Life in Andrango was harsh and unfair, and he had not expected to survive long here. He had not bathed for three years, and his skin and hair itched, and his stench offended him so much that he was constantly seeking to be upwind of himself. His leather clothes had proven to be more durable than the other prisoners' cloth garments, so while many of them now had nothing but the blankets they were given to sleep on with which to wrap themselves, he still possessed trousers and a jacket. Albeit that they were stiff with salt, oil and dirt, and stank worse than he did.

Blade owed his survival to one man. Shortly after his arrival, a group of murderers, offended by the presence of an assassin, had waylaid him. Even though unarmed and injured, he had killed two before the rest had brought him down and proceeded to try to kick him to death. They would have succeeded, if not for the intervention of Andevar. The muscular giant, who towered over most men, had waded into the fracas for some unknown reason and carried Blade to safety. He had then protected the assassin for the two tendays it had taken him to recover from his injuries.

When his cracked ribs, bruises and contusions had healed, he had discovered the reason for Andevar's glum silence. According to a talkative guard, the giant had once been a gladiator, a champion of the sawdust ring. Andevar, however, had been a lady's man, and dallied with the wrong woman. Her lordly husband, discovering her infidelity, had not only arranged a fatal encounter for her, but also had Andevar captured and castrated, then framed him for his wife's murder. Andevar, Blade mused, was probably the only innocent man in Andrango. Oddly enough, the guards knew it, and so had, most likely, the judge who had condemned him. The lord who had accused him was powerful, however, so Andevar had been sent to Andrango, upon his request.

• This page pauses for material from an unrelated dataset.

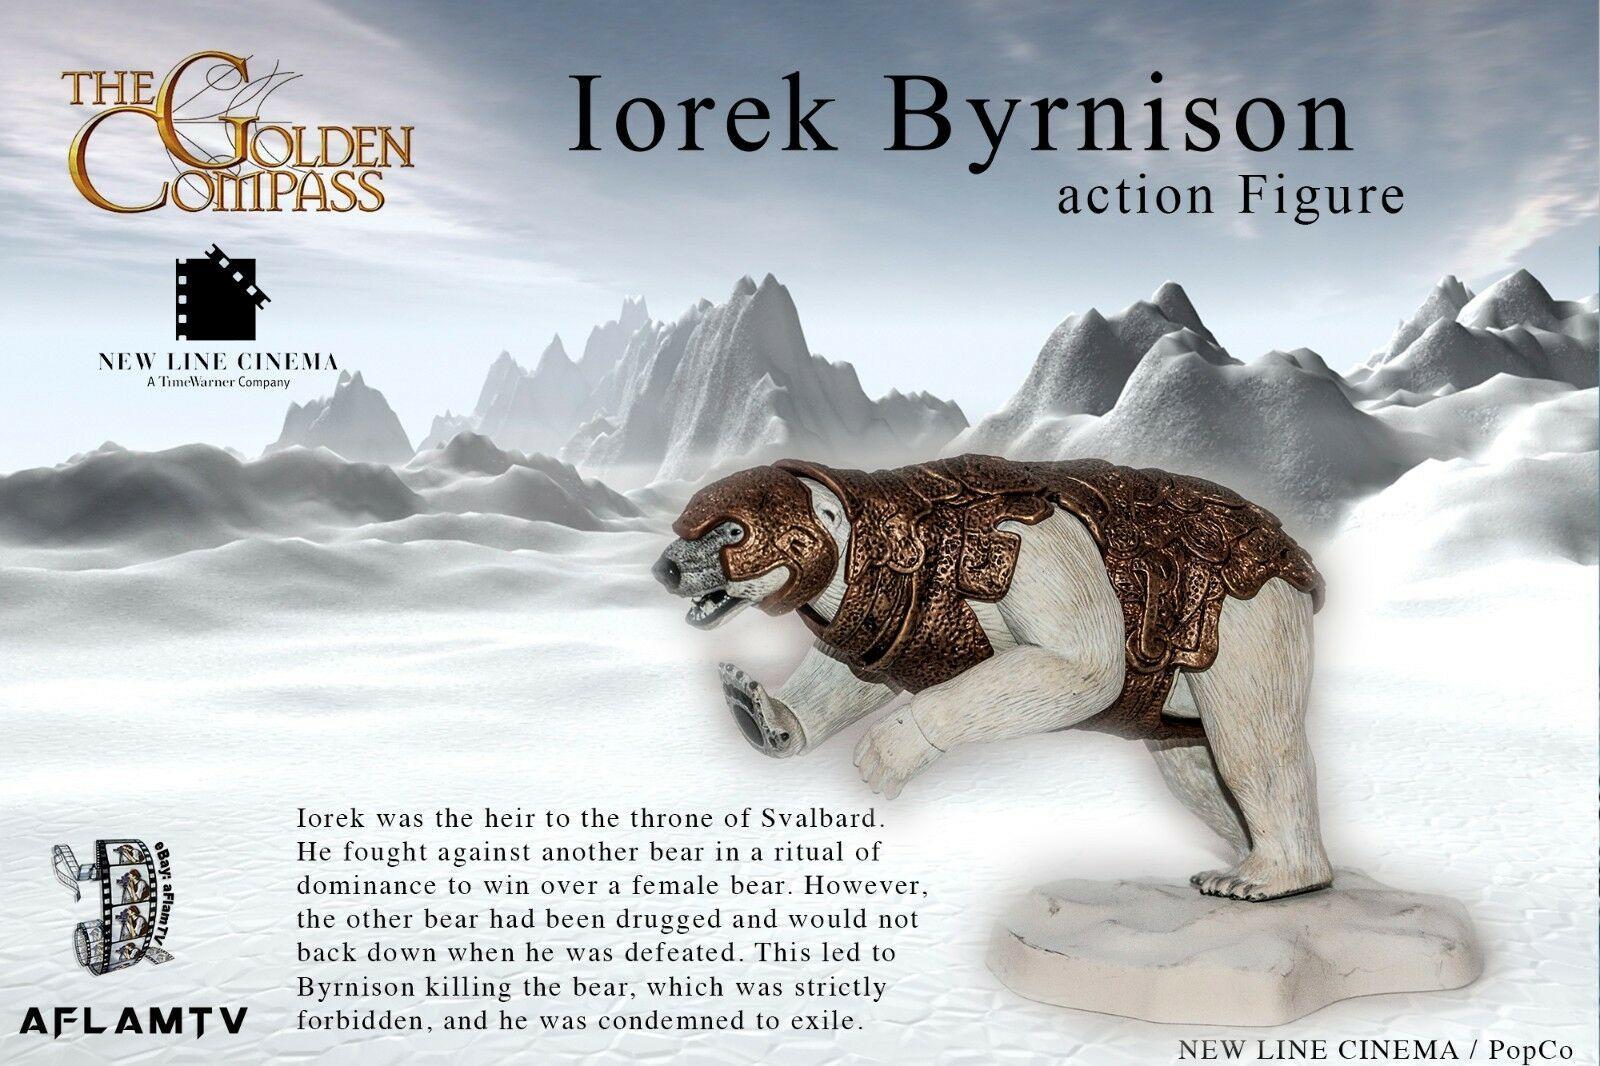 The Golden Compass IOREK BYRNISON Battling Ice Bear ACTION FIGURE NUOVA

Andevar, it seemed, had a penchant for helping underdogs, and regularly rescued weaker men when the gangs of murderous thugs set upon them. Most eventually succumbed, and one reason for Blade's survival was his use of the central tower as a sanctuary. It had once been a watchtower, but the guards no longer used it, preferring to use the perimeter towers, which did not require them to cross the yard. The door at the base of the tower was locked, and only Blade could scale the rough stone wall. He spent most of his time in it, descending for meals and some calls of nature.